Exercise instructions:
Pictures are to be left out, and only the lines below starting at the one with "Traxxas - T-Maxx" and ending at the one with "Old Chinese Tibet" are to be reproduced, each exactly, both ends included.

Extracted entries:
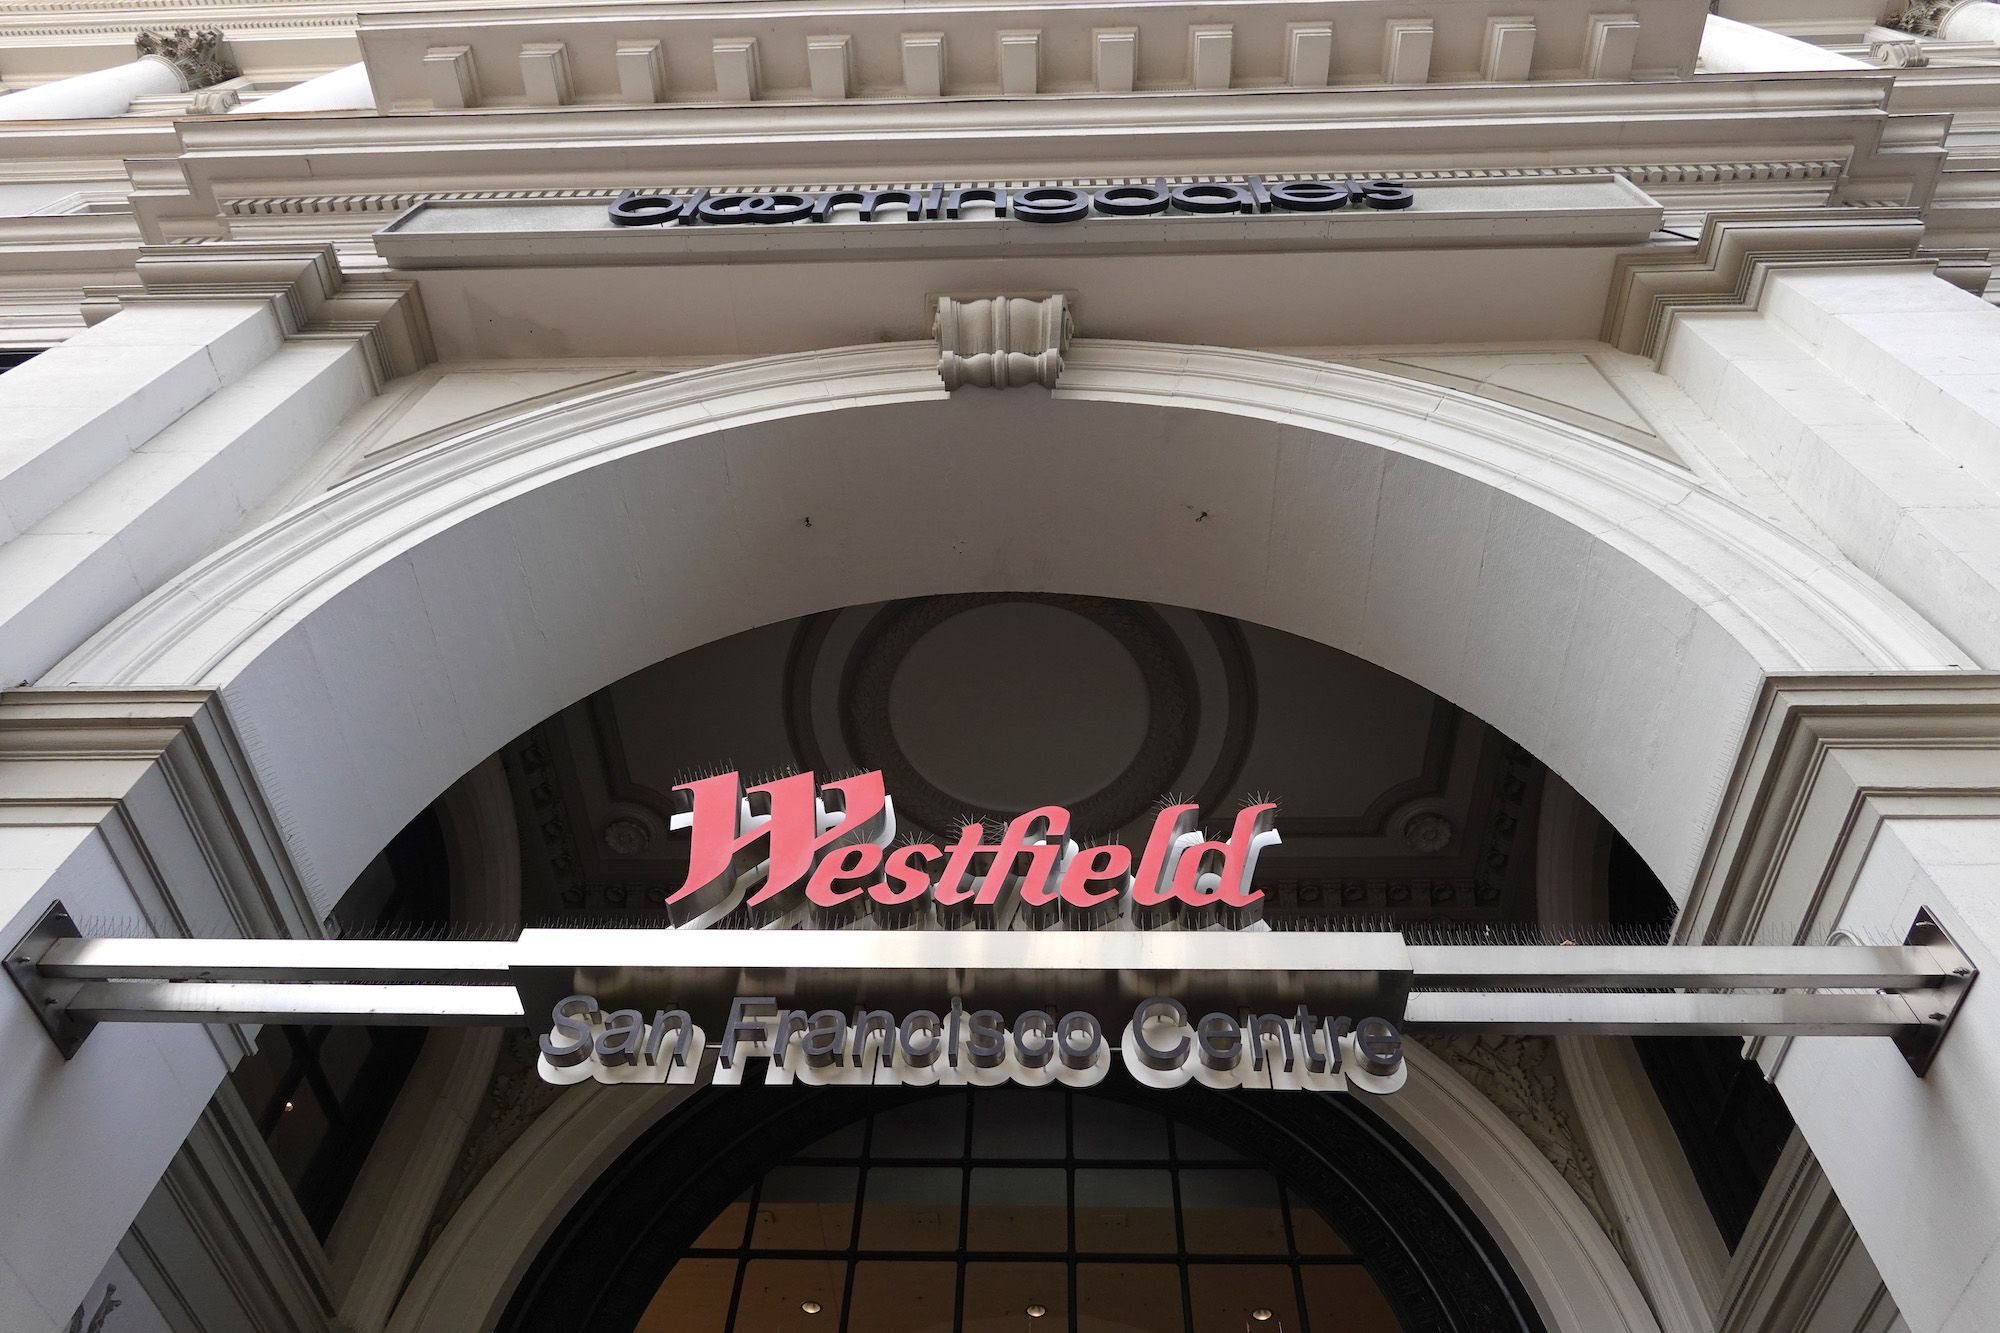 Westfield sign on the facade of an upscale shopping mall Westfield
--
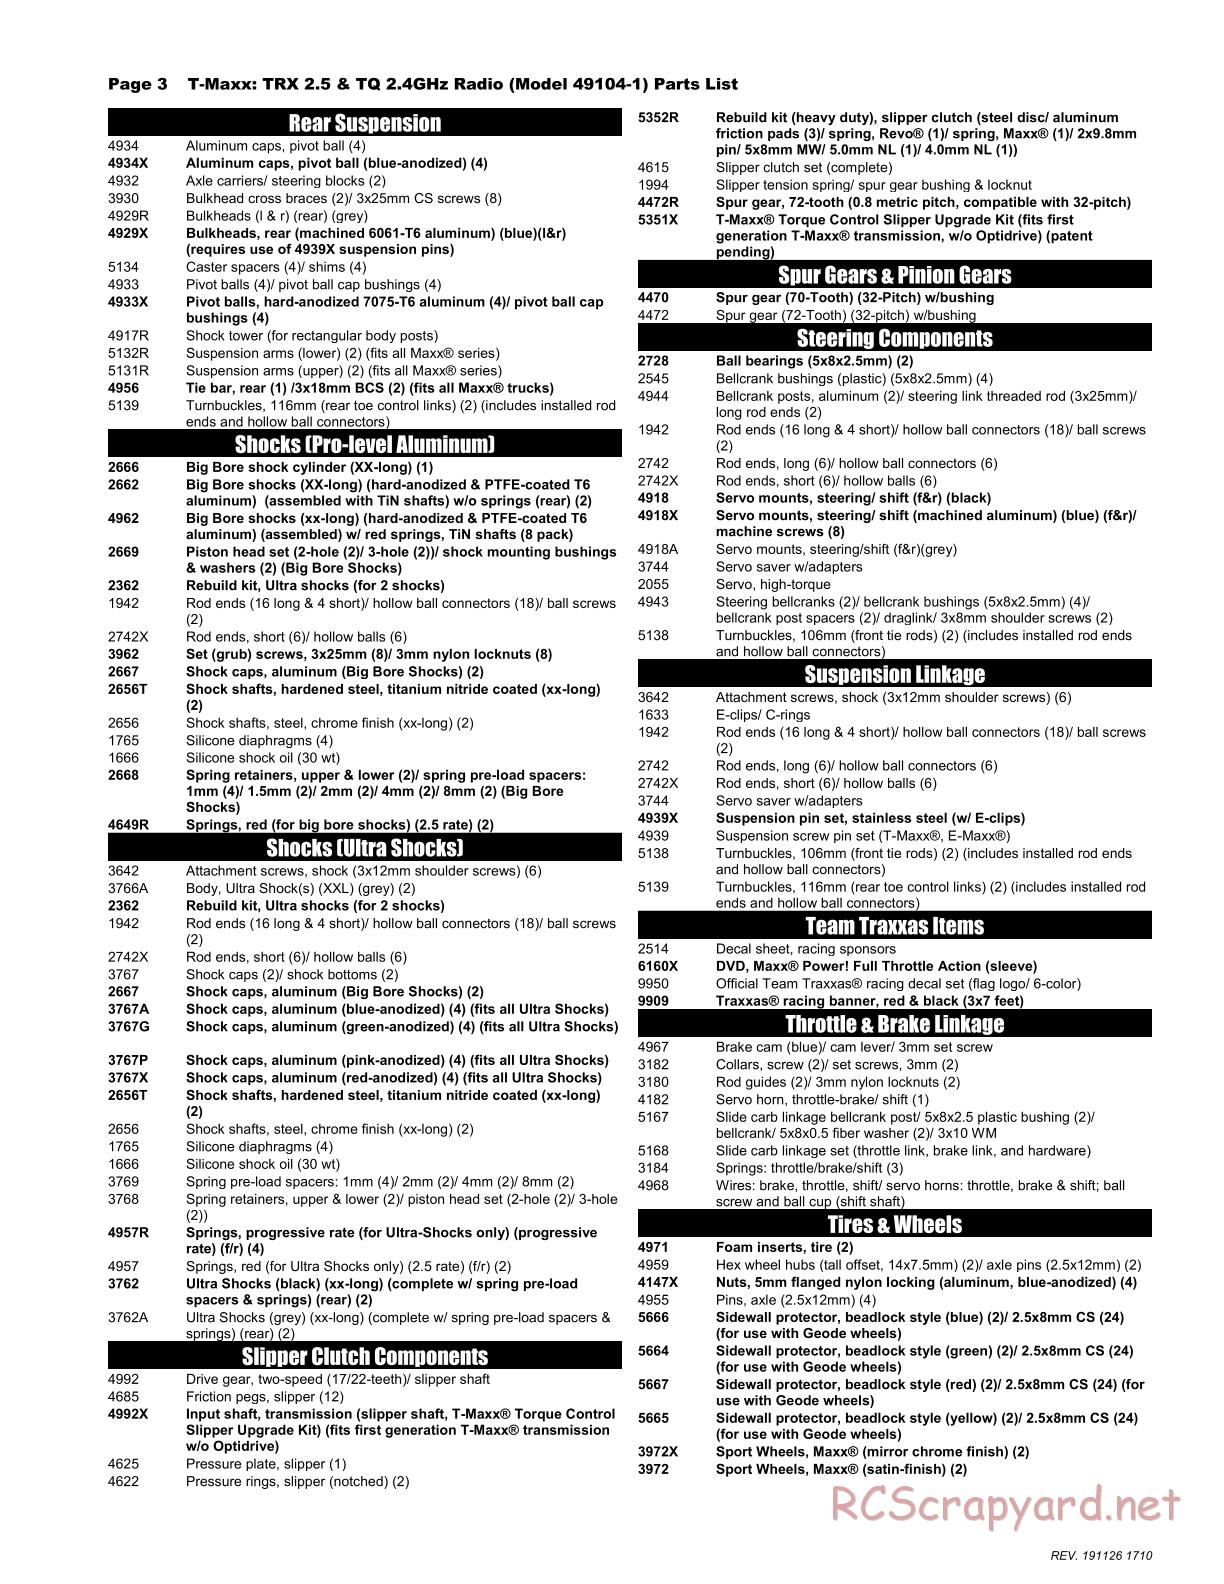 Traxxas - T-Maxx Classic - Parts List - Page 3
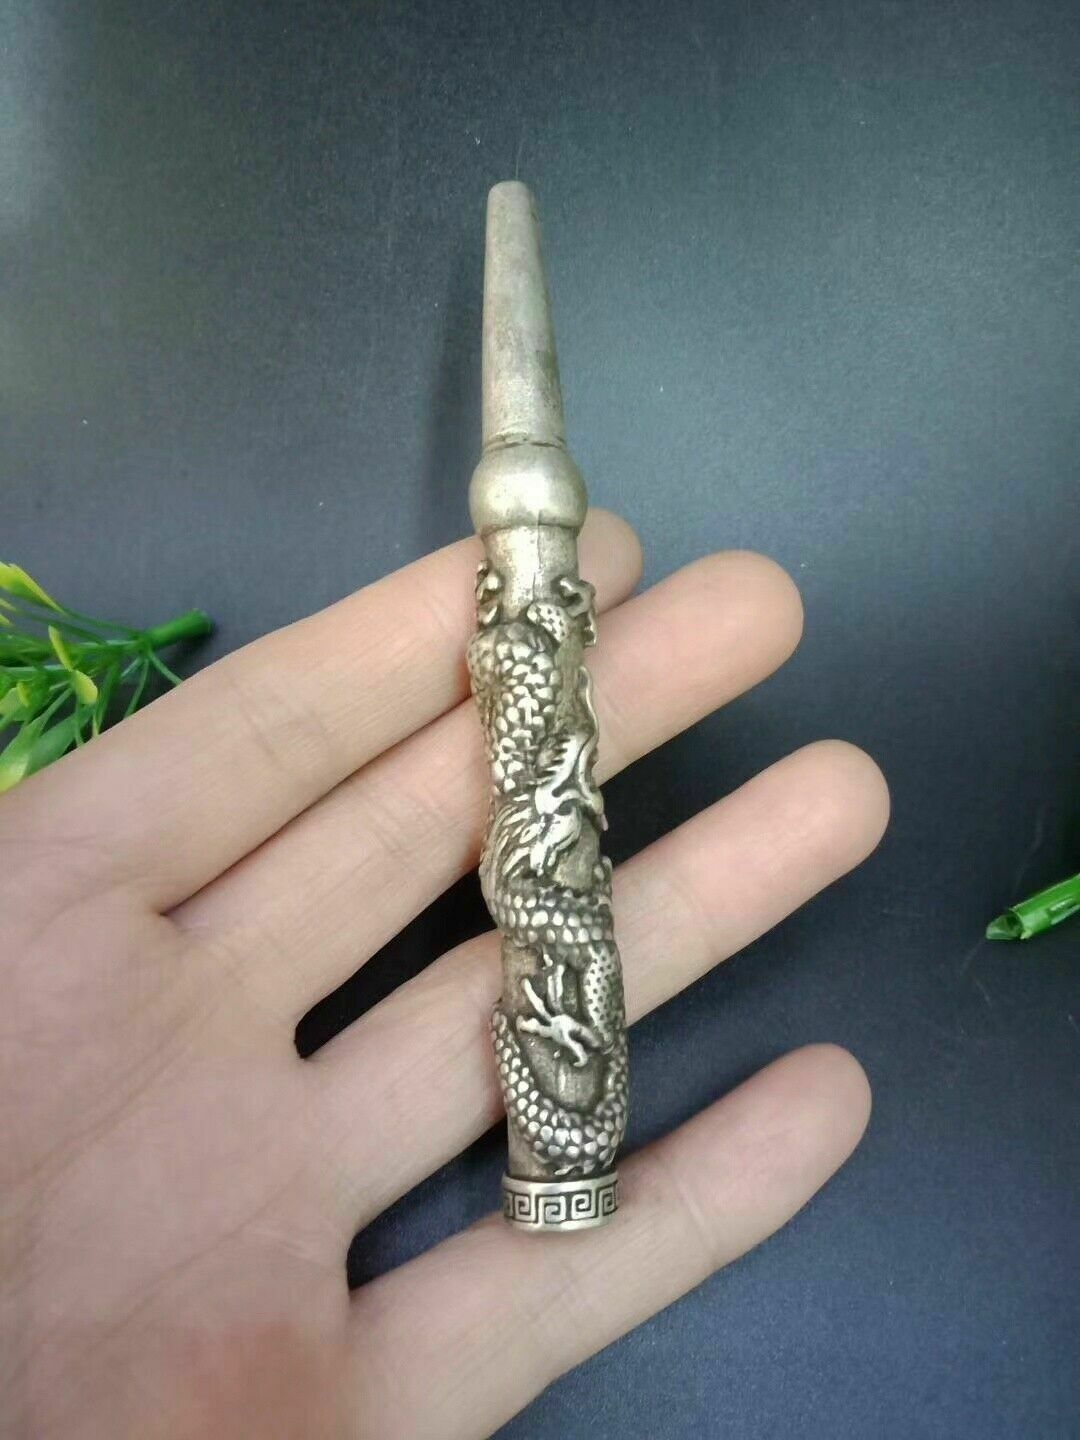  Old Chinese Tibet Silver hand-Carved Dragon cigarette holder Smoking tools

Answer section:
 Traxxas - T-Maxx Classic - Parts List - Page 3
  Old Chinese Tibet Silver hand-Carved Dragon cigarette holder Smoking tools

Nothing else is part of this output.